I can see that fax sales CSV here now and it comes up with this query.
One additional step you have to do is instantiate that table.
It shows you that it’s pointing to the Data Lake storage account with a URL.
If I click on that little binary hyperlink, it actually loads the table and I’m just going to rename this guy Fax Sales, OK, And I’m going to go ahead and close and apply that Power Query transformation.
It loads it and now I have a new table here called Fax Sales with data inside it with all the different fields that were in that CSV.
OK, now I’m going to go back to my data explorer and I’m going to go in the Dimensions folder.
I see my files there and this way I’m going to go ahead and copy the URLDFS endpoint to the dimensions folder directly.
And the difference is it’s going to bring all those files in.
I’m going to show you how that works.
I’m going to connect and I’m going to put that URL in just before and I’m going to go in and I can see those files there.
Customer, date, product, I see those files there.
I’m going to say load and again I’m presented with the query.
The one little difference I’m going to say here is that I’m going to actually instantiate these actual separate queries or separate tables.
The way I do that is I right click on that, I say add as New query and I’m going to rename that to and load it.
I’m going to rename that to Dim Customer.
OK, rename the Dim Customer.
I’m going to go back to that reference query one and then do the same thing for each one of the other dimensional tables, right.
I’m going to add new query that’s my date dimension.
Say for example, load that, there’s all my dates, OK.
And that’s one of the common things that probably is going to be out there is a date dimension.
How much more common across an organization can you get other than a date dimension, the product dimension?
OK, add as new query and reload that, rename that.
OK, call that Dim Product and I’m going to go ahead close and apply the Power Query editor.
I’m getting rid of that query one because I don’t need that anymore.
That was more of a way to get these guys loaded, close and apply, OK, loading the data into the my Power BI model.
And I’m just going to organize these things.
What do we come back with now?
We’re pretty much looking like a relational data warehouse schema with customer, Product, date, fax, Sales.
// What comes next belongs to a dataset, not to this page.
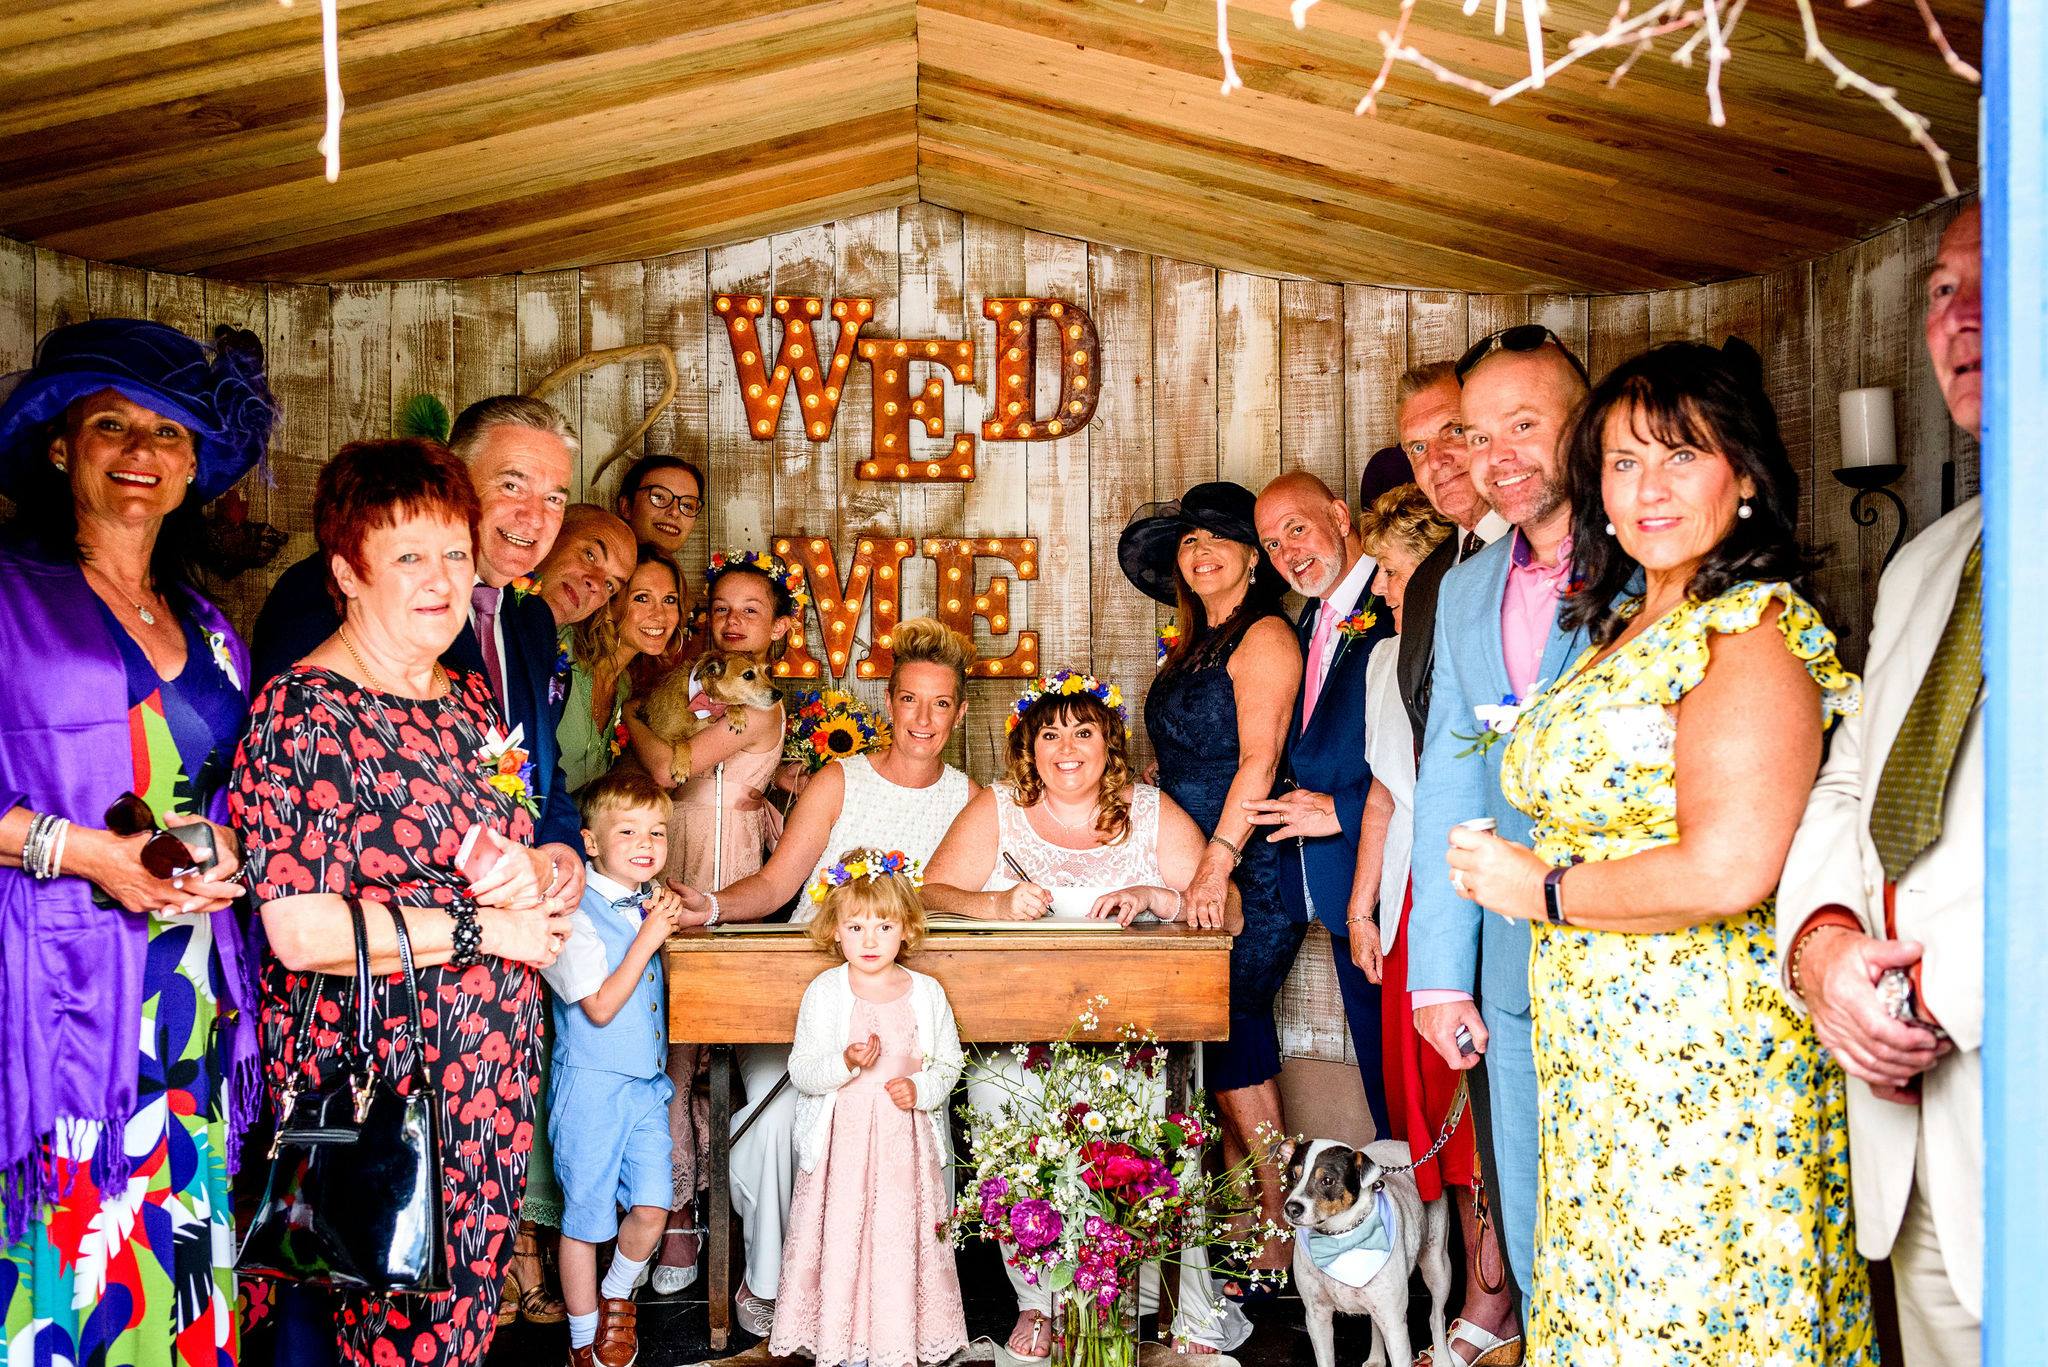 Lower Barns Elopement Weddings - Elopement Weddings Cornwall

Power BI has recognized that the keys are matching on both table and dimensions, so it kind of infers a join there date dimension.
I’m going to have to join that to that.
I’m going to do additional clean up on the Power BI side for renaming metadata, semantic layers, maybe add some calculations.
But the point of it is this demonstration is trying to show that I bypassed data warehouse.
I went to the data lake.
In reality, I’m pointing to CSV files.
I would have probably point to parquet files because the benefit of parquet files is they’re very highly compressed, they’re high performance, they have metadata there and data typing, unlike CSV files which you know.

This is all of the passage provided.